Нина Ивановна очень часто представляла девочкам, в какое несчастное, беспомощное положение они будут поставлены, если, прожив до шестнадцати лет в приюте, ничему не научатся, не сумеют заработать сами себе кусок хлеба. Её рассказы производили впечатление, особенно на старших; они стали задумываться, понимать, с какой целью от них требуют аккуратности и прилежания, стали внимательнее относиться к своим обязанностям, работать и учиться не только ради одного страха наказания.
Младшие не останавливались на таких серьезных мыслях. Им оставалось жить в приюте еще четыре, шесть, восемь лет, – стоит ли думать о том, что будет после? Но многие из них просто полюбили Нину Ивановну. Её приветливое обращение, её ласки тронули сердца детей, которые до сих пор во всякой начальнице, во всякой воспитательнице видели только своего врага. Они стали ценить её похвалу, её одобрение, боялись рассердить, огорчить ее, и это удерживало их от многих шалостей.

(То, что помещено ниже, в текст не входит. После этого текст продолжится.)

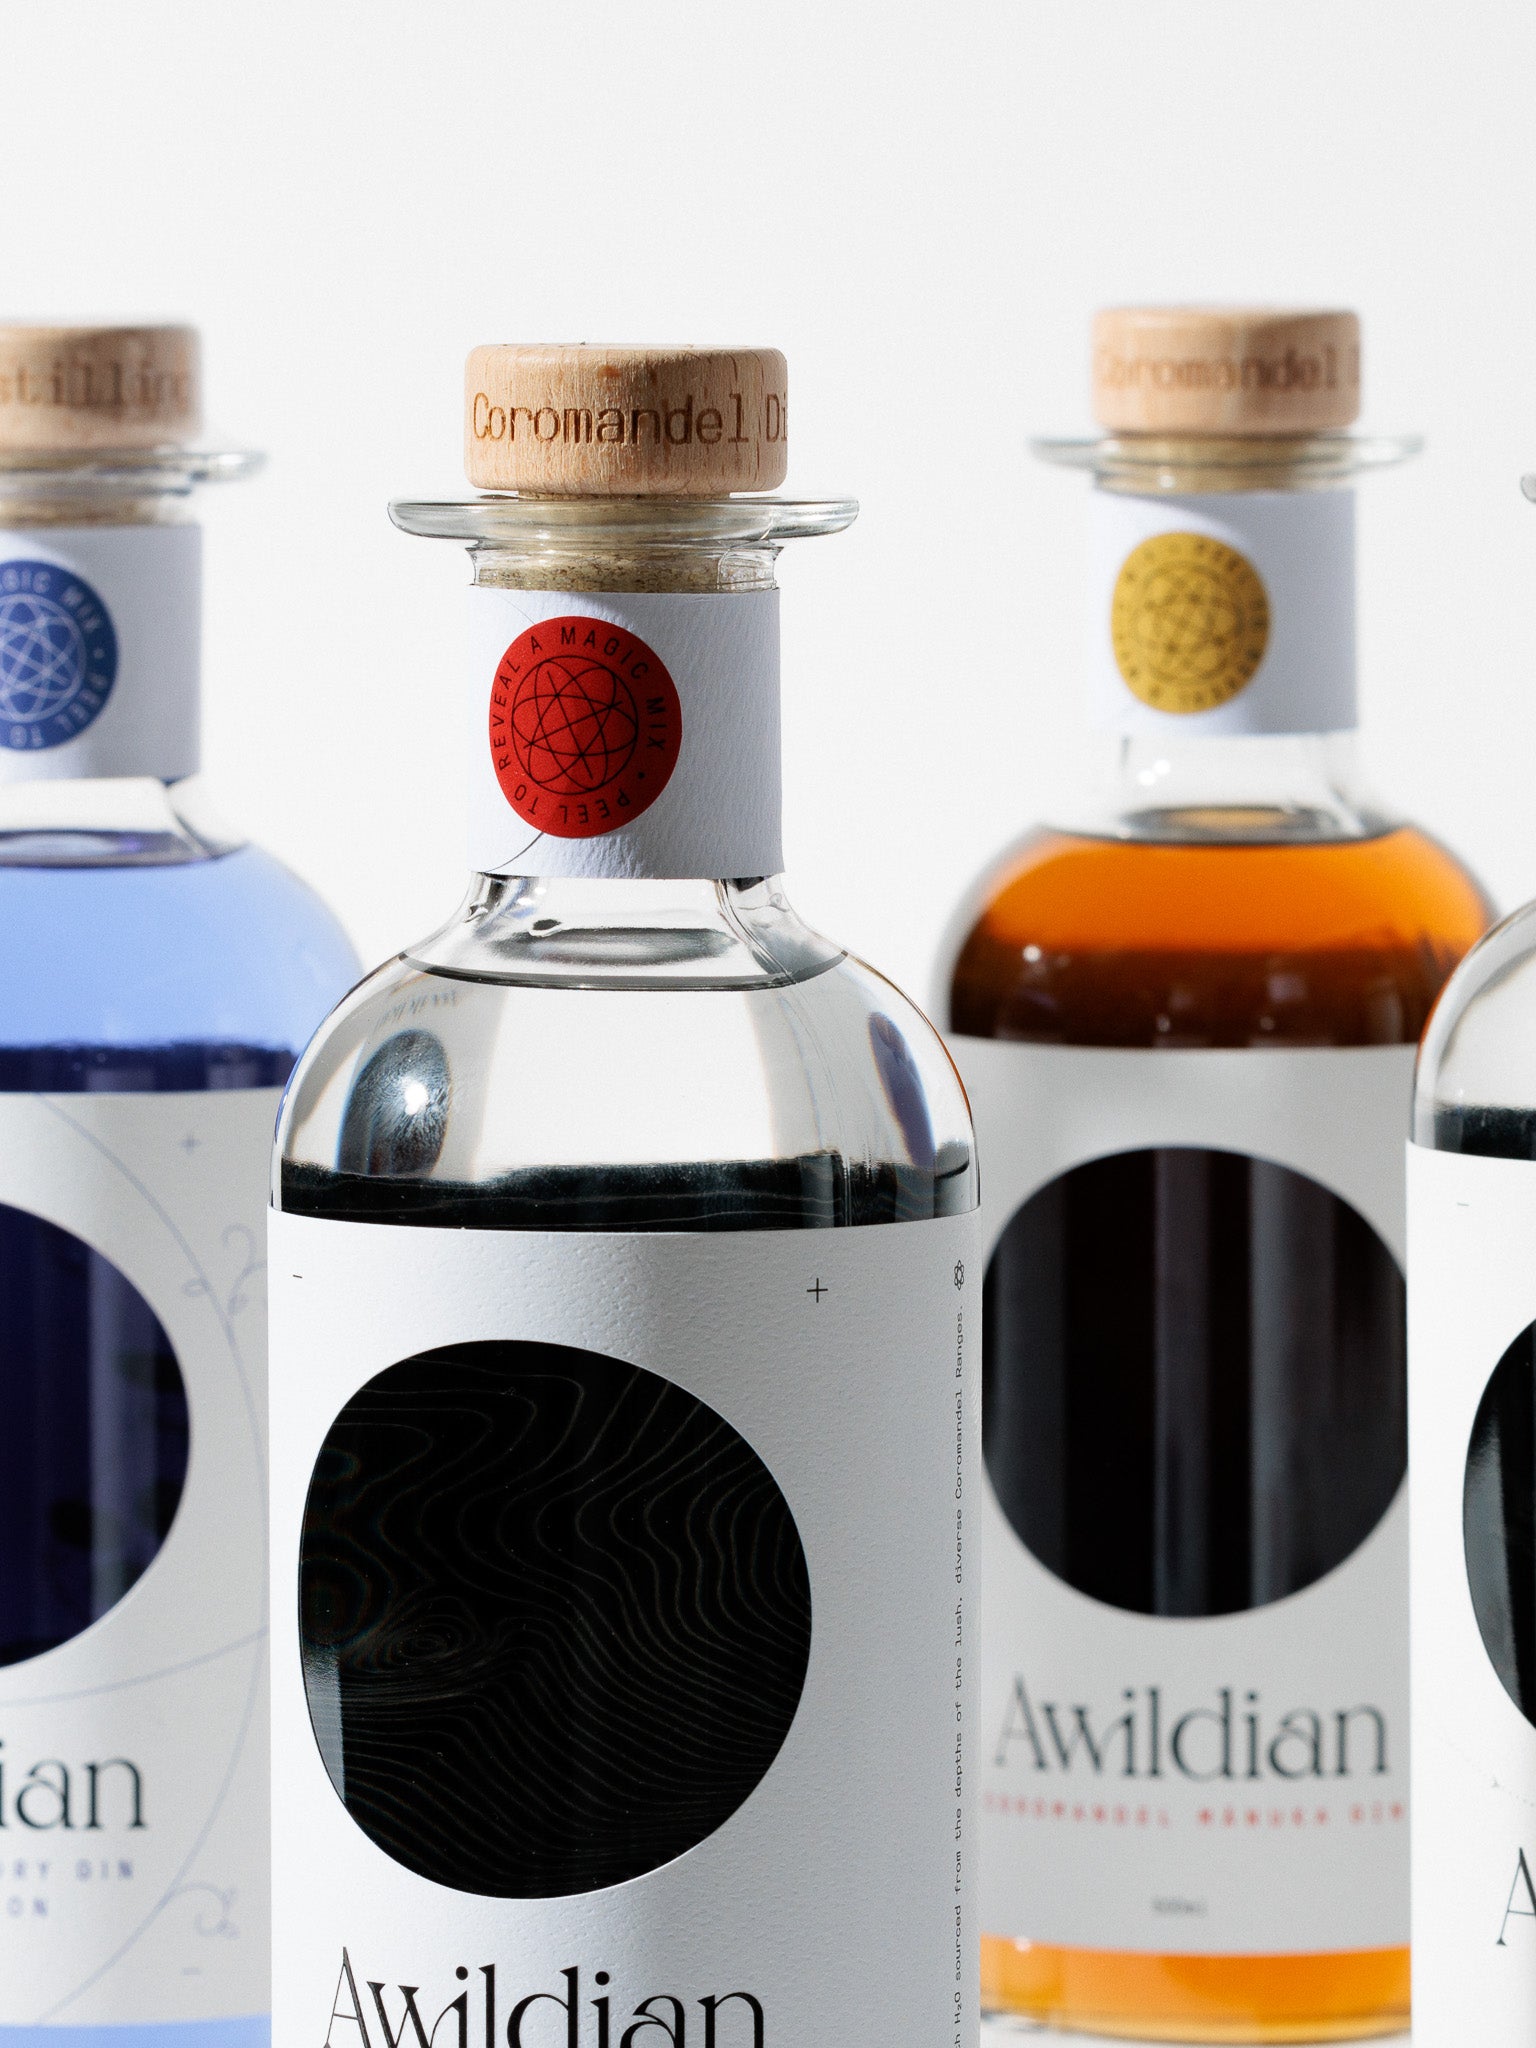 You can gift any Awildian gin from our range to your clients

Влияние Нины Ивановны отразилось всего сильнее на Анне Колосовой. Передавая своей преемнице список воспитанниц заведения, Катерина Алексеевна сказала ей про Анну: «это самая испорченная из всех девчонок, ее следовало бы просто выгнать, на нее уж ничто не действует». Она и не подозревала, как подействует на девочку один поцелуй, одно ласковое слово.